By recommending that users exclude some file extensions and folders from antivirus scans, Microsoft may put users at risk, a security company said today.
In a document published on its support site, Microsoft suggests that users do not scan some files and folders for malware as a way to improve performance in Windows 2000, XP, Vista, Windows 7, Server 2003, Server 2008 and Server 2008 R2. “These files are not at risk of infection. If you scan these files, serious performance problems may occur because of file locking,” Microsoft states in the document.
Among the files and folders Microsoft tells users to exclude are those associated with Windows Update and Group Policy, and files with the .edb., .sdb and .chk extensions contained within the “%windir%\security” folder.
Trend Micro took exception — not with the list itself, but with Microsoft making it public. “Although it actually makes sense to stop checking Windows Update and some Group Policy-related files if you really want to speed up the system, we are concerned by the fact that this was released publicly,” said David Sancho, a malware researcher with Trend Micro, in an entry to his firm’s blog.
Sancho argued that the list could be a boon to hackers. “Following the recommendations does not pose a significant threat as of now, but it has a very big potential of being one,” he said. “Cybercriminals may strategically drop or download a malicious file into one of the folders that are recommended to be excluded from scanning, or use a file extension that is also in the excluded list.”
At the least, Sancho continued, only experienced users who know the downside of such file “whitelisting” should consider excluding files and folders from security scanning. “Excluding certain file types or folders from antivirus scanning is not something novice users should tinker with,” Sancho said. “Doing so may expose the system to risks that can lead to an inconvenience far more severe than a slightly slower system.”
Andrew Storms, director of security operations at nCircle Network Security, backed Sancho on that. “I would agree with Trend that making any sort of whitelisting with your security software is not for the average user or the faint at heart,” Storms said in an interview conducted via instant message.
But Storms also downplayed the significance of Microsoft’s publicly posting its exclusion recommendations. “Will the bad guys latch on to this and suddenly change their locations to hide malware?

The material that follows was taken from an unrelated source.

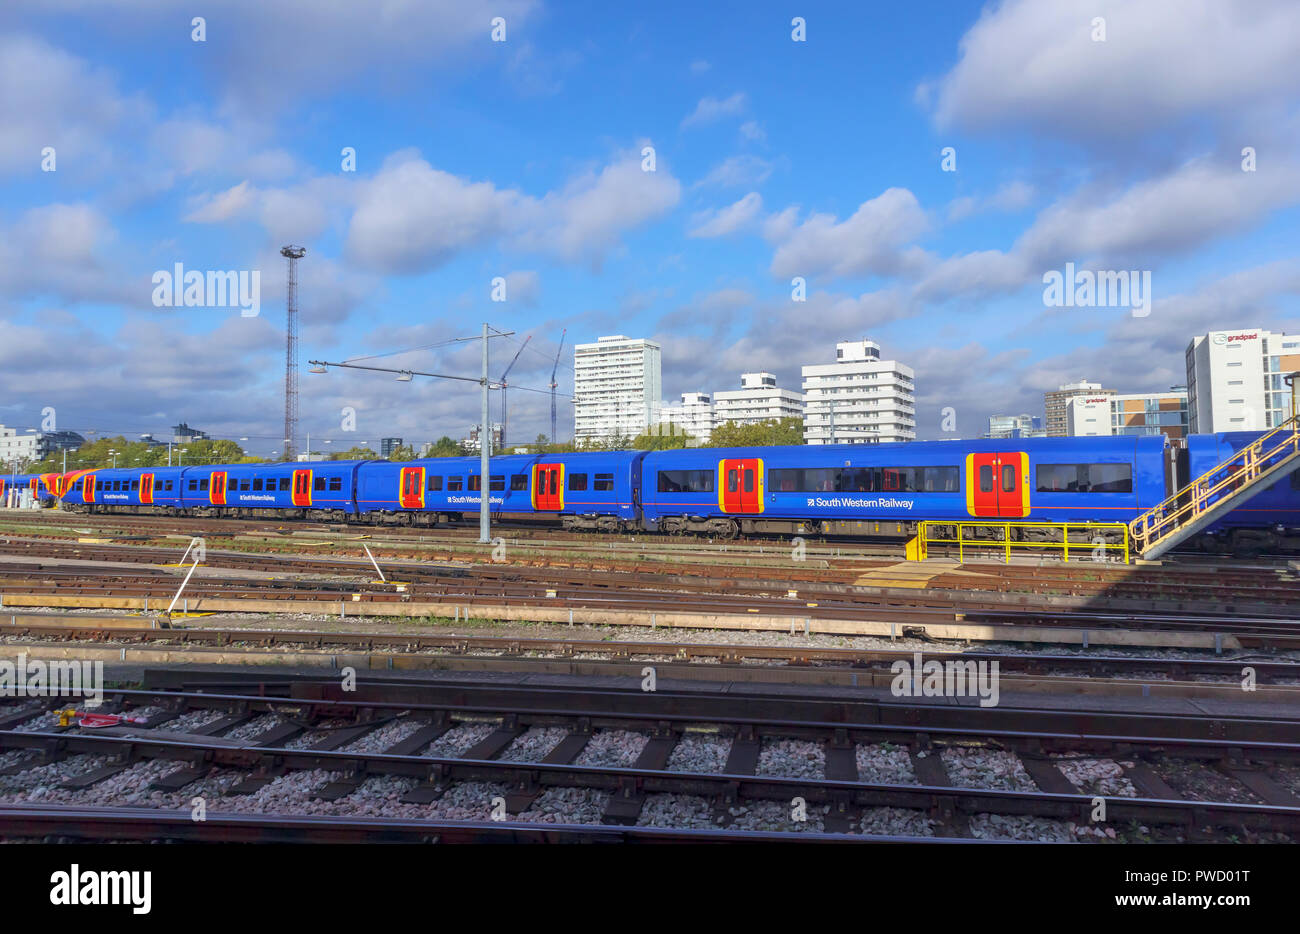 Bunte blau South Western Railway suburban Nahverkehrszug und Kutschen in Rangierbahnhofs in Clapham Junction Station, London, UK an einem sonnigen Tag Stockfoto

Probably not,” Storms said. “Where the malware is stored on the file system is the not the root of the conundrum with antivirus software…. It’s that antivirus software is historically a post-event and blacklist kind of approach to security. It helps provide another layer of defense, but is it going to catch everything? No way.”
Trend has a history of butting heads with Microsoft. Like other third-party security vendors, it has dismissed Microsoft’s moves in the antivirus market, most recently earlier this year when the Redmond, Wash. company released its for-free Security Essentials software. And in April 2008, Trend researchers disputed Microsoft’s claim that the latter’s Malicious Software Removal Tool (MSRT) had crushed the life out of the Storm botnet.